All this is fascinating, and goes beyond a sort of bestiary of weird social regularities. The holy grail here is, as Gabaix says, robust, detail-independent economic laws.

So with this goal in mind, we don’t object to the intricate details of the aggregation of power laws, or their potential genesis in proportional random growth. I was not aware, for example, that power laws are sustained through additive, multiplicative, min and max operations, possibly explaining why they are so widespread. Nor was I aware that randomly assigning multiplicative growth factors to a group of cities, individuals with wealth, and so forth can generate a power law, when certain noise elements are present.

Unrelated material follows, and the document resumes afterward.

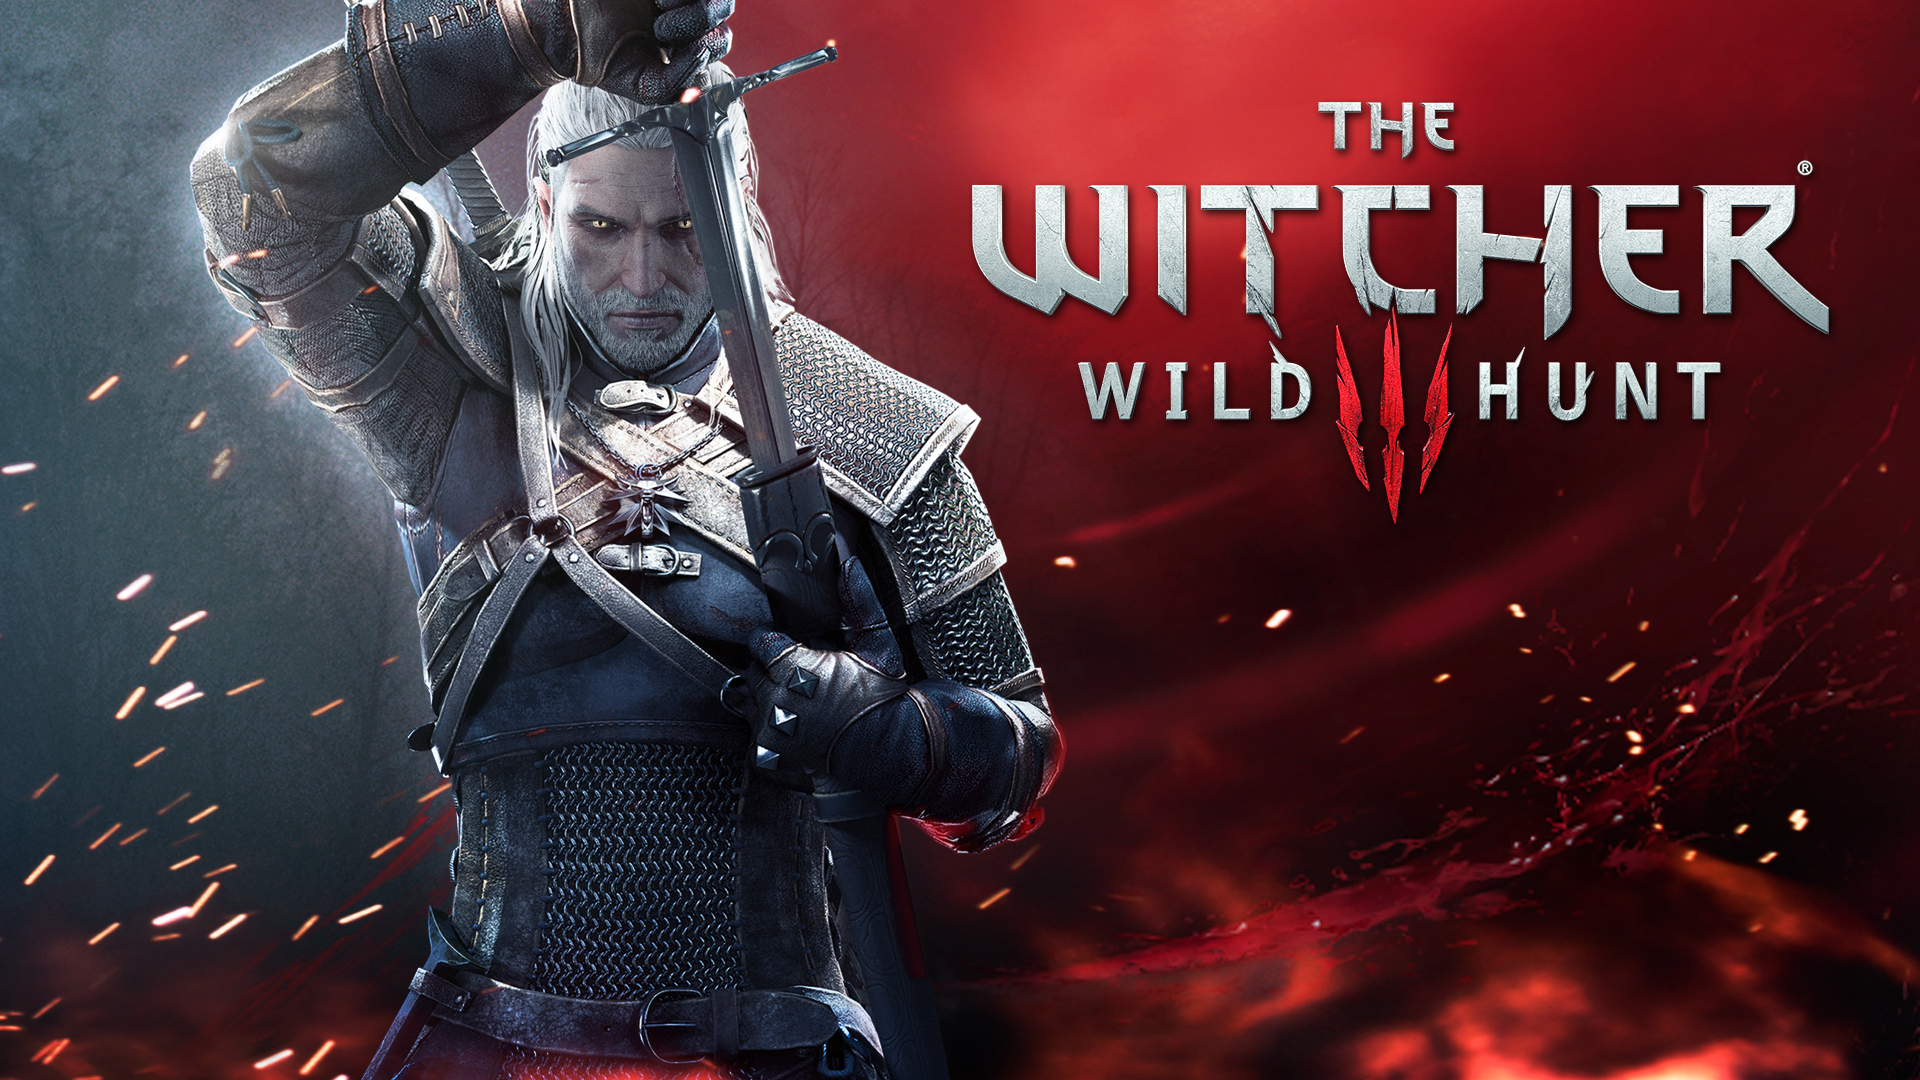 [48+] The Witcher 3 1080p Wallpaper on WallpaperSafari

And Gabaix is also aware that stock market crashes display many attributes that resolve or flow from power laws – so eventually it’s possible general mathematical principles could govern bubble dynamics, for example, somewhat independently of the specific context.

St. Petersburg Paradox

Power laws also crop up in places where standard statistical concepts fail. For example, while the expected or mean earnings from the St. Petersburg paradox coin flipping game does not exist, the probability distribution of payouts follow a power law.

Peter offers to let Paul toss a fair coin an indefinite number of times, paying him 2 coins if it comes up tails on the first toss, 4 coins if the first head comes up on the second toss, and 2n, if the first head comes up on the nth toss.

The paradox is that, with a fair coin, it is possible to earn an indefinitely large payout, depending on how long Paul is willing to flip coins. At the same time, behavioral experiments show that “Paul” is not willing to pay more than a token amount up front to play this game.

The probability distribution function of winnings is described by a power law, so that,

There is a high probability of winning a small amount of money. Sometimes, you get a few TAILS before that first HEAD and so you win much more money, because you win $2 raised to the number of TAILS plus one. Therefore, there is a medium probability of winning a large amount of money. Very infrequently you get a long sequence of TAILS and so you win a huge jackpot. Therefore, there is a very low probability of winning a huge amount of money. These frequent small values, moderately often medium values, and infrequent large values are analogous to the many tiny pieces, some medium sized pieces, and the few large pieces in a fractal object. There is no single average value that is the characteristic value of the winnings per game.

And, as Liebovitch and Scheurle illustrate with Monte Carlo simulations, as more games were played, the average winnings per game of the fractal St. Petersburg coin toss game …increase without bound.

So, neither the expected earnings nor the variance of average earnings exists as computable mathematical entities. And yet the PDF of the earnings is described by the formula Ax-α  where α is near 1.

Closing Thoughts

One reason power laws are so pervasive in the real world is that, mathematically, they aggregate over addition and multiplication. So the sum of two variables described by a power law also is described by a power law, and so forth.

As far as their origin or principle of generation, it seems random proportional growth can explain some of the city size, wealth and income distribution power laws. But I hesitate to sketch the argument, because it seems somehow incomplete, requiring “frictions” or weird departures from a standard limit process.

In any case, I think those of us interested in forecasting should figure ways to integrate these unusual regularities into predictions.